We wait for write of ordered-data to finish. Which seems to never
happen. Page isn't under writeback, but that just means we submitted the
buffer from the commit code (that doesn't change the page state).
Anyway, the cause is that either due to some bug IO never finished and
so buffer never got unlocked, or we somewhere locked the buffer and
forgot to unlock it (but I've checked all the relevant places and think
they are correct). The traces of all the processes seem harmless - I see
no place trace where we are holding a buffer lock.
If you happen to hit this again, please let me know and I'll look into
it further...
> Everything train-smashed up behind it such as:
>
> Stack traceback for pid 4876
> 0xf7390910 4876 1 0 0 D 0xf7390b10 nscd
> esp eip Function (args)
> 0xf6009d5c 0xc04c20b2 schedule+0x51e
> 0xf6009dac 0xc04c2394 io_schedule+0x1d
> 0xf6009db8 0xc0179b64 sync_buffer+0x33 (invalid)
> 0xf6009dc0 0xc04c24b1 __wait_on_bit_lock+0x30 (0xc20024a4, 0xf6009de8, 0xc0179b31, 0x2)
> 0xf6009dd8 0xc04c2532 out_of_line_wait_on_bit_lock+0x58 (0xf7643780, 0x2, 0xc0179b31, 0x2)
> 0xf6009e14 0xc0179ca1 __lock_buffer+0x24 (0xf7643780)
> 0xf6009e24 0xc01cd686 do_get_write_access+0x4f (0xf5db748c, 0xf761fe70, 0x0)
> 0xf6009e68 0xc01cd99a journal_get_write_access+0x1b (0xf5db748c, invalid)
> 0xf6009e78 0xc01cada0 __ext3_journal_get_write_access+0x19 (0xc04d9230, 0xf5db748c, 0xf7643780)
> 0xf6009e90 0xc01bffaa ext3_reserve_inode_write+0x34 (0xf5db748c, 0xf76b5e10, 0xf6009eac)
> 0xf6009ea8 0xc01bfffe ext3_mark_inode_dirty+0x20 (0xf5db748c, 0xf76b5e10)
> 0xf6009ec8 0xc01c281a ext3_dirty_inode+0x53 (0xf76b5e10)
> 0xf6009edc 0xc0175e2b __mark_inode_dirty+0x26 (0xf76b5e10, 0x1)
> 0xf6009ef4 0xc016ea8e file_update_time+0x74 (invalid)
> 0xf6009f04 0xc014d681 do_wp_page+0x356 (0xf6e15880, 0xf6d6941c, 0xb5d8db71, 0xf6134634, 0xf68ecb5c, 0xc16c268c, 0x7ed7a025)
> 0xf6009f3c 0xc014ed6c handle_mm_fault+0x450 (0xf6e15880, 0xf6d6941c, 0xb5d8db71, 0x1)
> 0xf6009f88 0xc04c4d09 do_page_fault+0x233 (0xf6009fb8, 0x7, invalid)

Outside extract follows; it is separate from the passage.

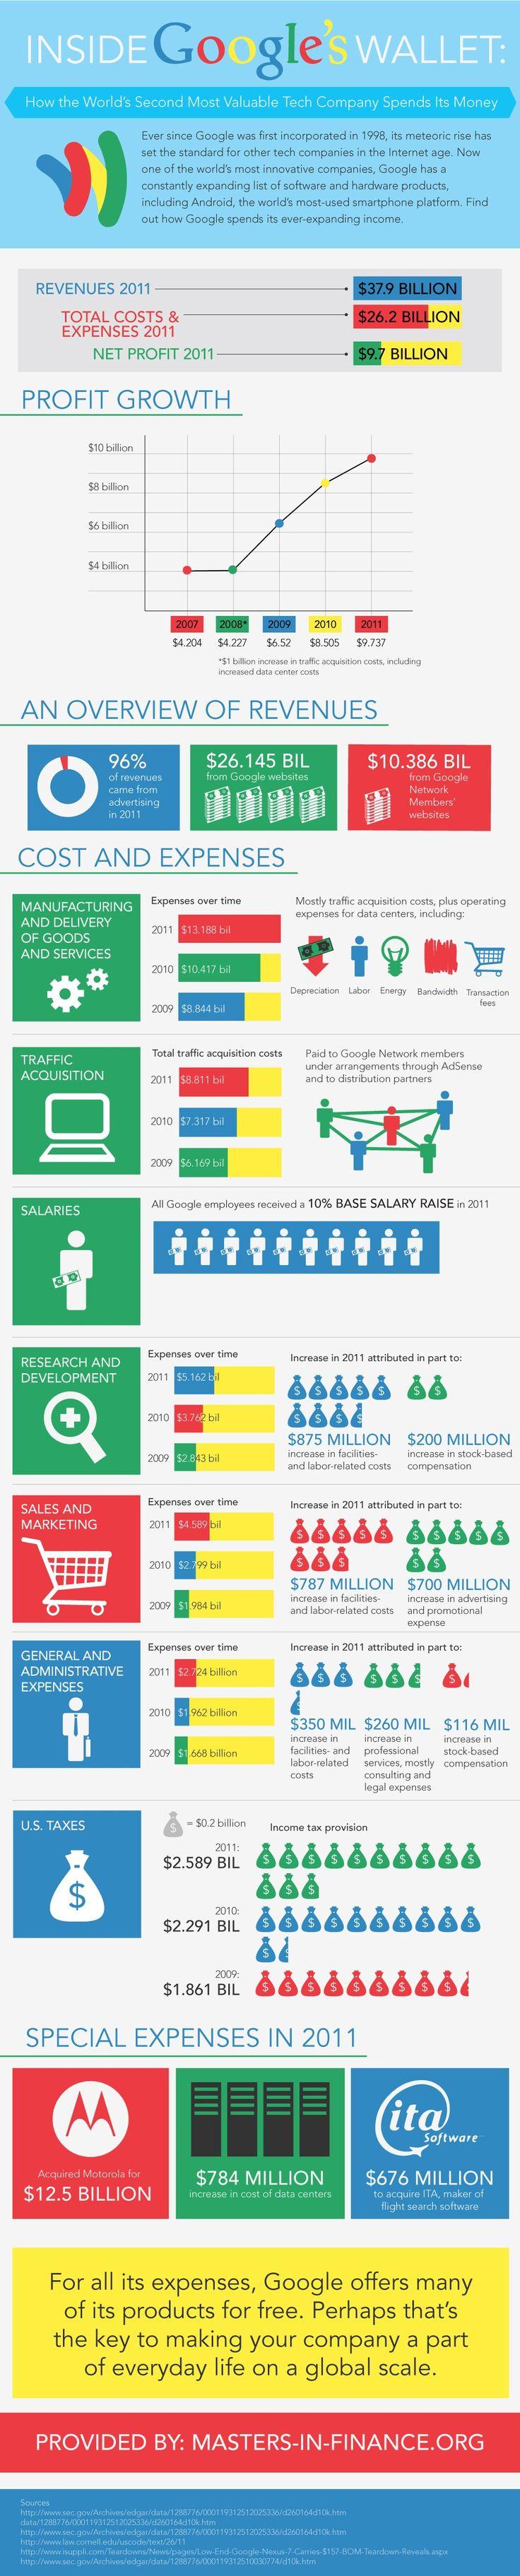 Inside Google's Wallet. #infographic

> 0xf6009fb4 0xc04c3712 error_code+0x72 (invalid, invalid, invalid)
>
>
> The only processes that aren't hung in touch_atime() are:
>
> Stack traceback for pid 4995
> 0xf6b79150 4995 1 0 1 D 0xf6b79350 cupsd
> esp eip Function (args)
> 0xf6d09ddc 0xc04c20b2 schedule+0x51e
> 0xf6d09e2c 0xc04c2394 io_schedule+0x1d
> 0xf6d09e38 0xc014285f sync_page+0x36 (invalid)
> 0xf6d09e40 0xc04c2570 __wait_on_bit+0x36 (0xc2006574, 0xf6d09e64, 0xc0142829, 0x2)

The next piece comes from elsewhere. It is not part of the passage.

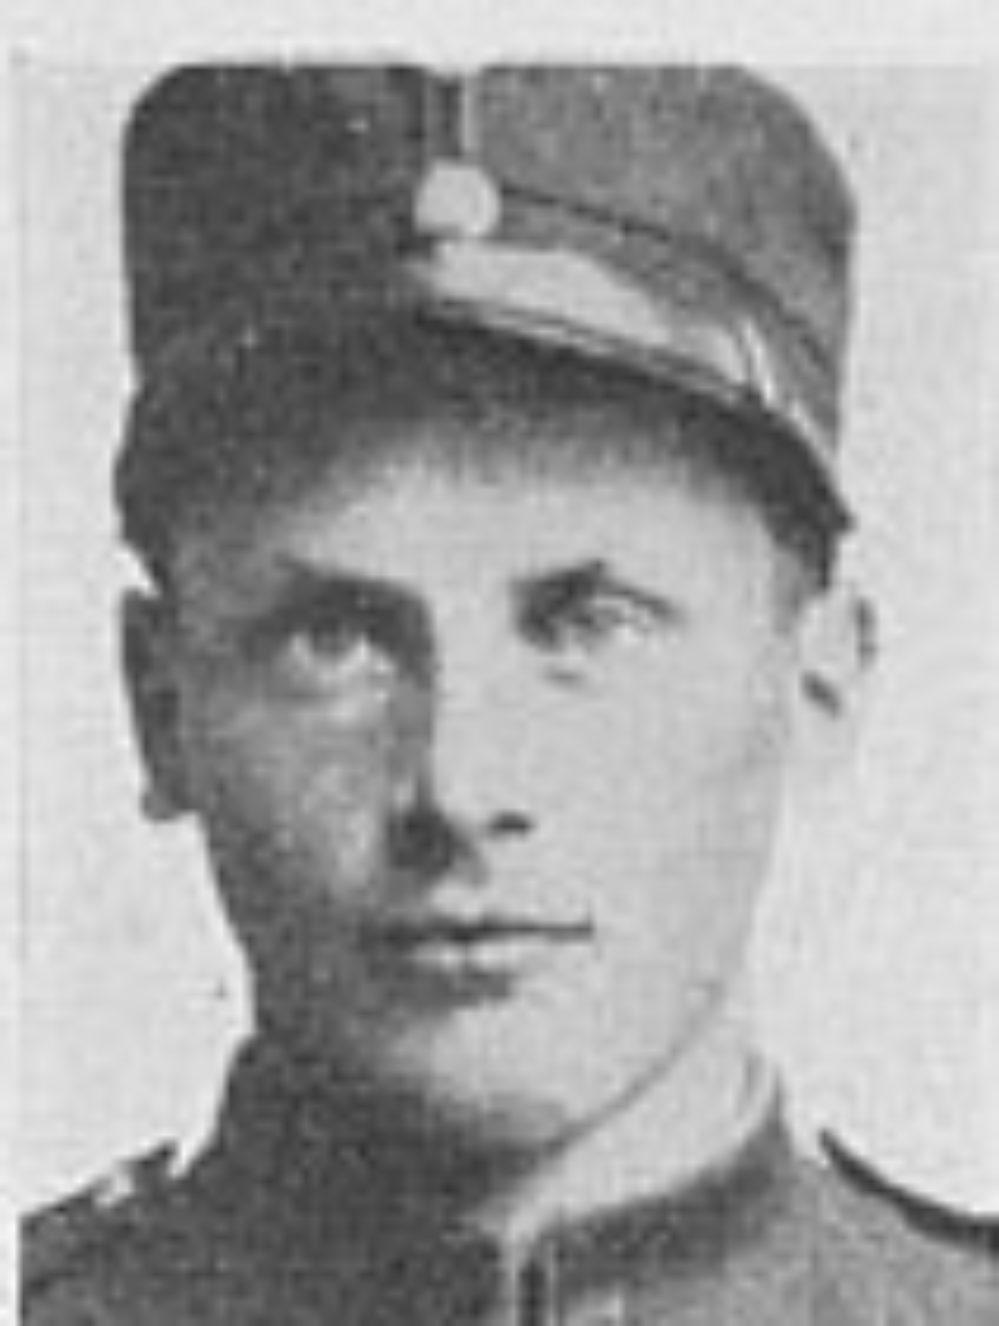 Andreas Johan Gjersdal

> 0xf6d09e5c 0xc0142a51 wait_on_page_bit+0x56 (0xc1f76a00, 0xc)
> 0xf6d09e88 0xc014998f truncate_inode_pages_range+0x23a (0xf76fb90c, 0x0, 0x0, 0xffffffff, 0xffffffff)
> 0xf6d09ef8 0xc0149a04 truncate_inode_pages+0xc
> 0xf6d09f08 0xc01c1ed6 ext3_delete_inode+0x16 (0xf76fb864)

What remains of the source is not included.